If your CCW , he might not know you are carrying, and you may have your moment.


----------



## Steve M1911A1 (Feb 6, 2008)

pic said:


> Steve,
> This might be similar to what you're referring to.
> I look for the shorter versions,


That be the one!

This guy does a good job of explaining the process, too.

Thanks, *pic*!



pic said:


> Probably a wiser decision at this point , if circumstances allow , is to hand over your wallet.


Yes, and while the BG is grabbing it, either do a disarm, or go for your own gun.


----------



## Steve M1911A1 (Feb 6, 2008)

[accidental duplicate post, removed by OP]


----------



## Cait43 (Apr 4, 2013)

As Steve said.... One will have to practice this over and over and over........ Good luck to all that end up having to do this in real time.............


----------



## berettatoter (Sep 1, 2011)

Years ago, in Detroit, I was not a CC person, but had a revolver shoved in my face...I handed over 85 bucks and let him have his get-away. Even if I would have had a pistol on me, I was dead to rights. I can't draw faster than someone can pull the trigger, and the 85 bucks was replaced my next payday. :buttkick:


----------



## TAPnRACK (Jan 30, 2013)

Good call, Detroit is a tough place. Always best to go out & about in groups. Even Cops get robbed there, lol.


----------



## hks95134 (Feb 13, 2015)

If someone holds a gun that close to your face, they are asking you to take it away from them.

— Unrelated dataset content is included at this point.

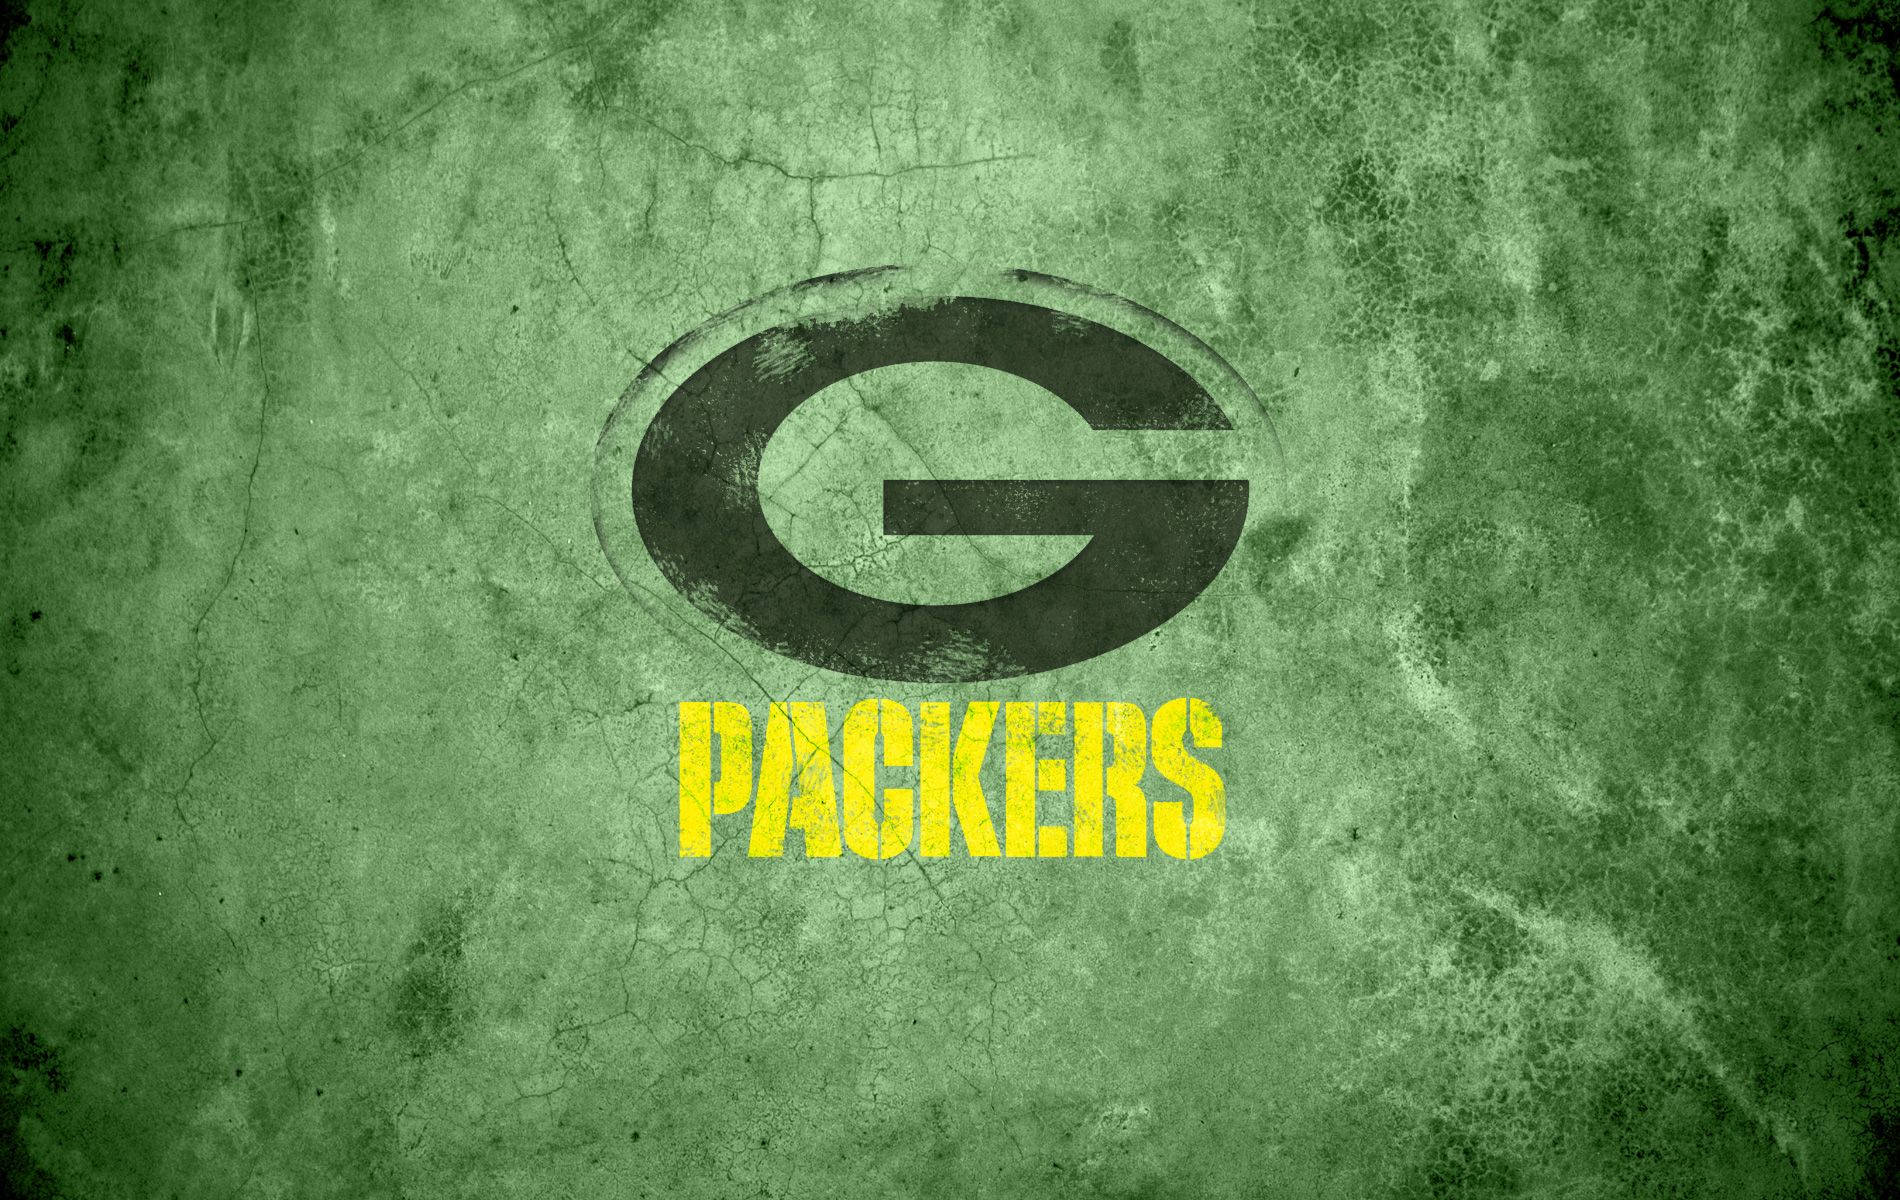 Champions Green Bay Packers Logo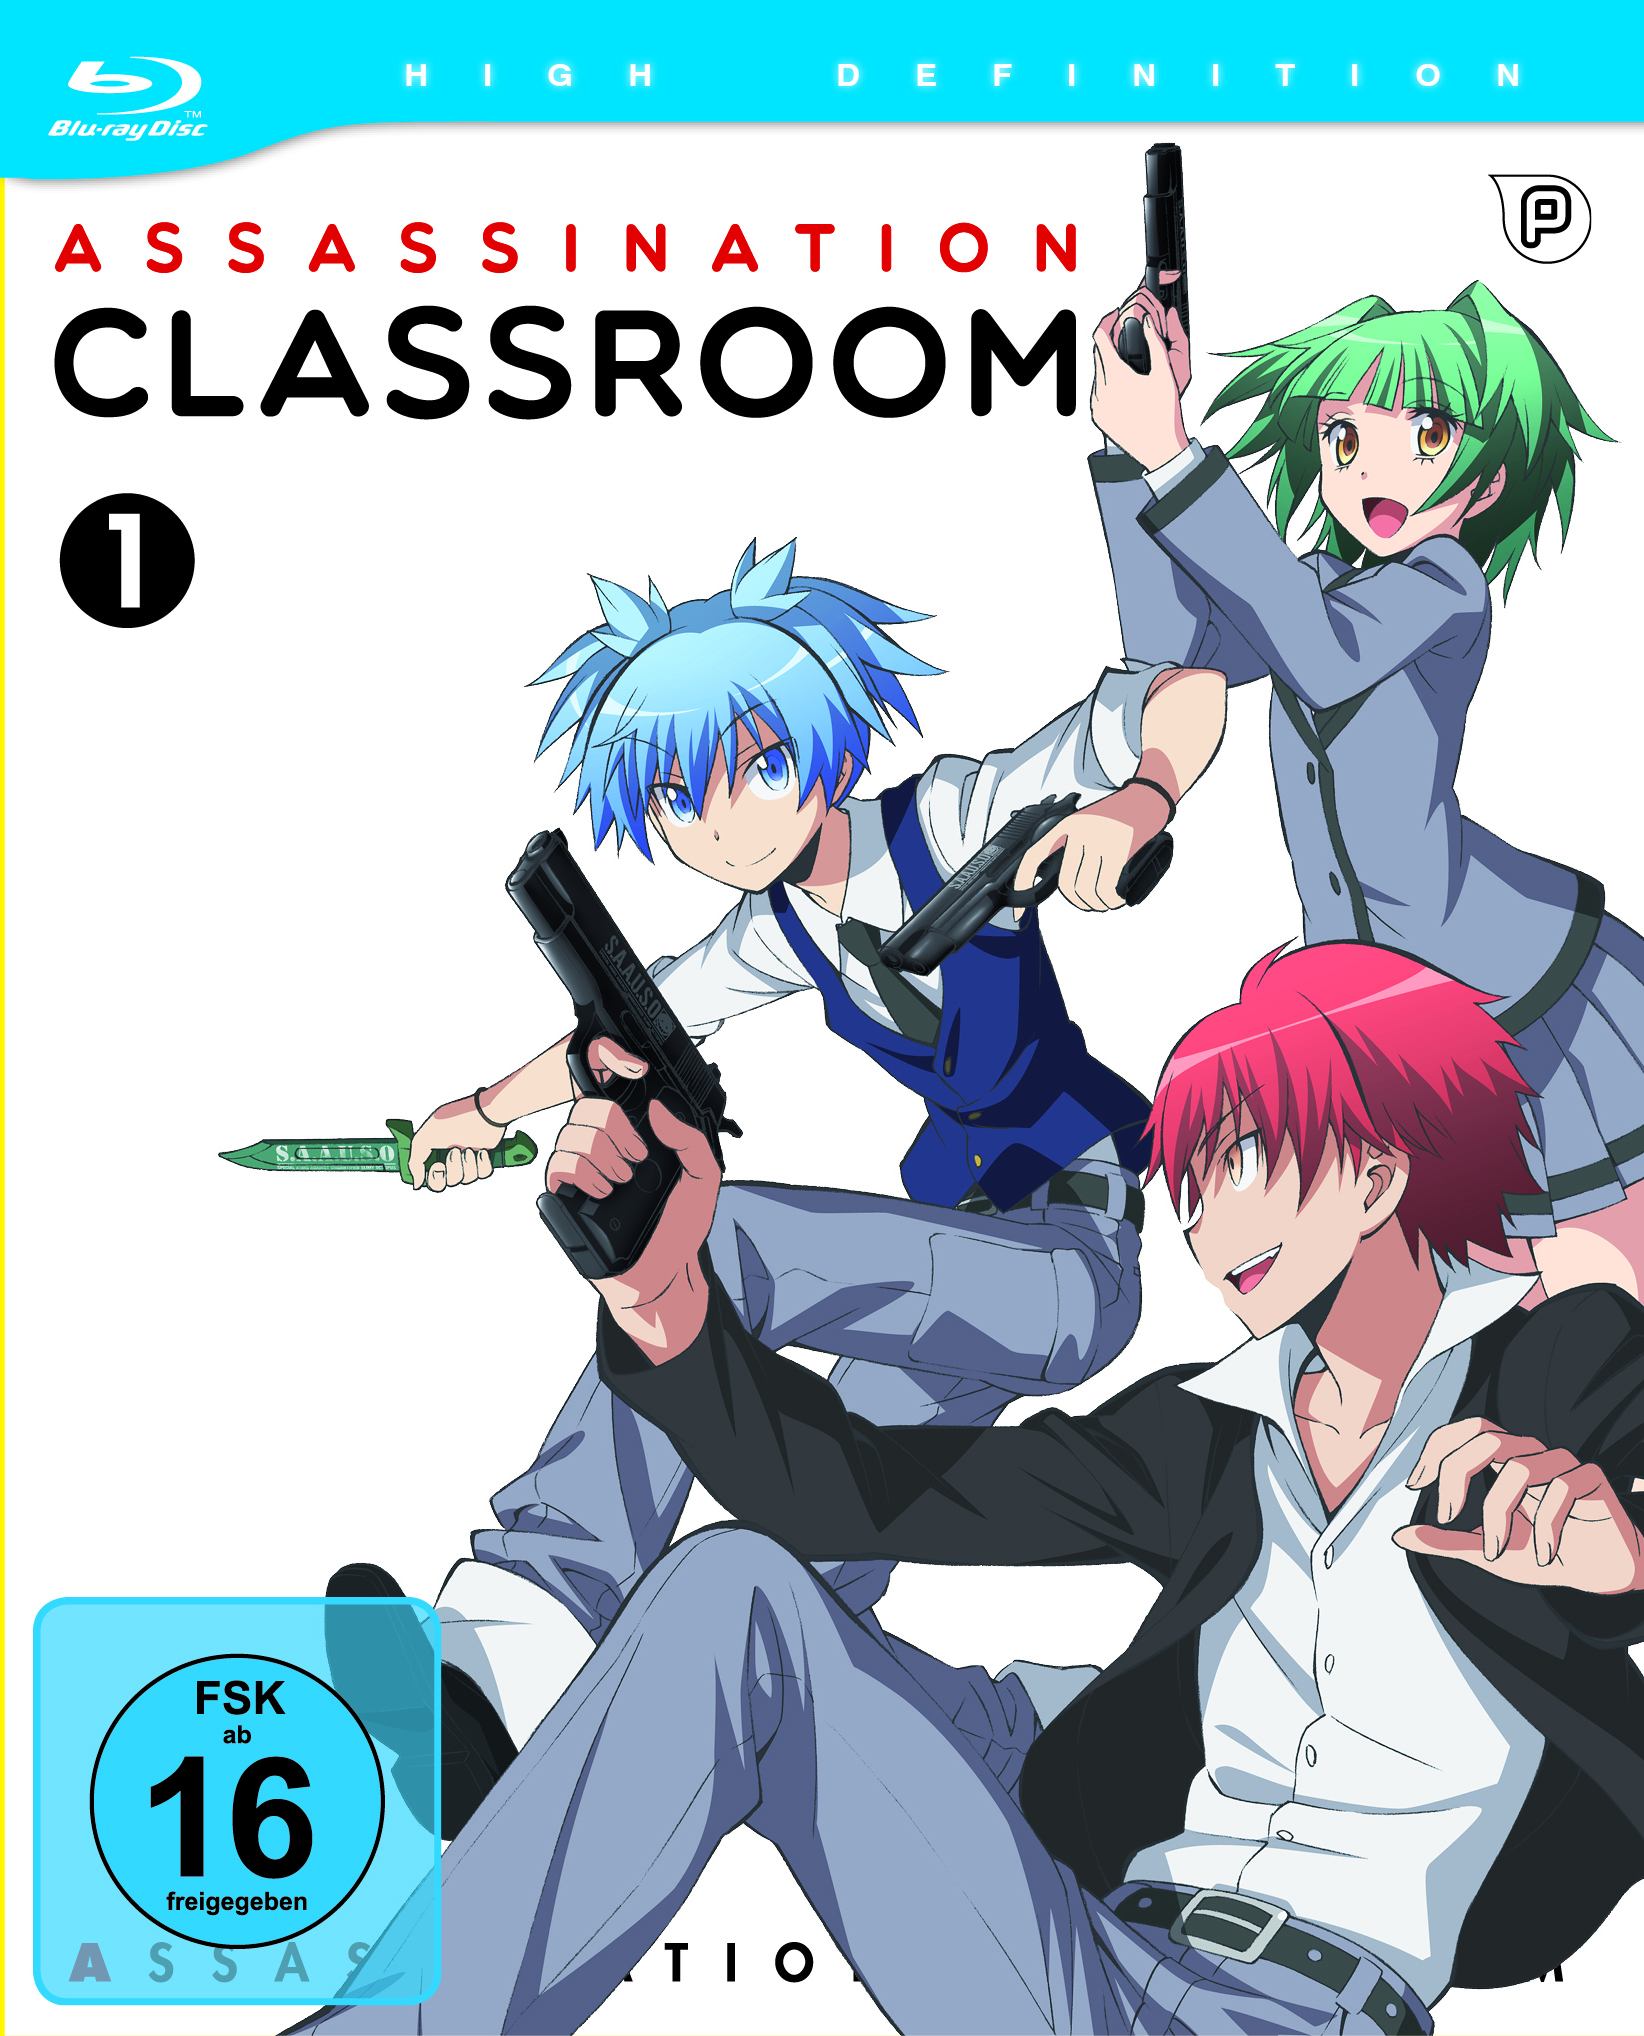 Gesehen: Assassination Classroom Vol. 1 (Bluray)

Even so, I would not use this particular method.

I would instead make sure the muzzle was no longer pointing at me first. That's job #1.


----------



## hks95134 (Feb 13, 2015)

berettatoter said:


> Years ago, in Detroit, I was not a CC person, but had a revolver shoved in my face...I handed over 85 bucks and let him have his get-away. Even if I would have had a pistol on me, I was dead to rights. I can't draw faster than someone can pull the trigger, and the 85 bucks was replaced my next payday. :buttkick:


I normally avoid this situation downtown with situational awareness -- not letting anyone who could rob me get within 10 feet.

And if you see a bad boy coming down your side of the street, it is best to cross the road. If they cross too, then cross back. If they cross back then you have already been targeted and it is time to draw before they get within 21 feet.


----------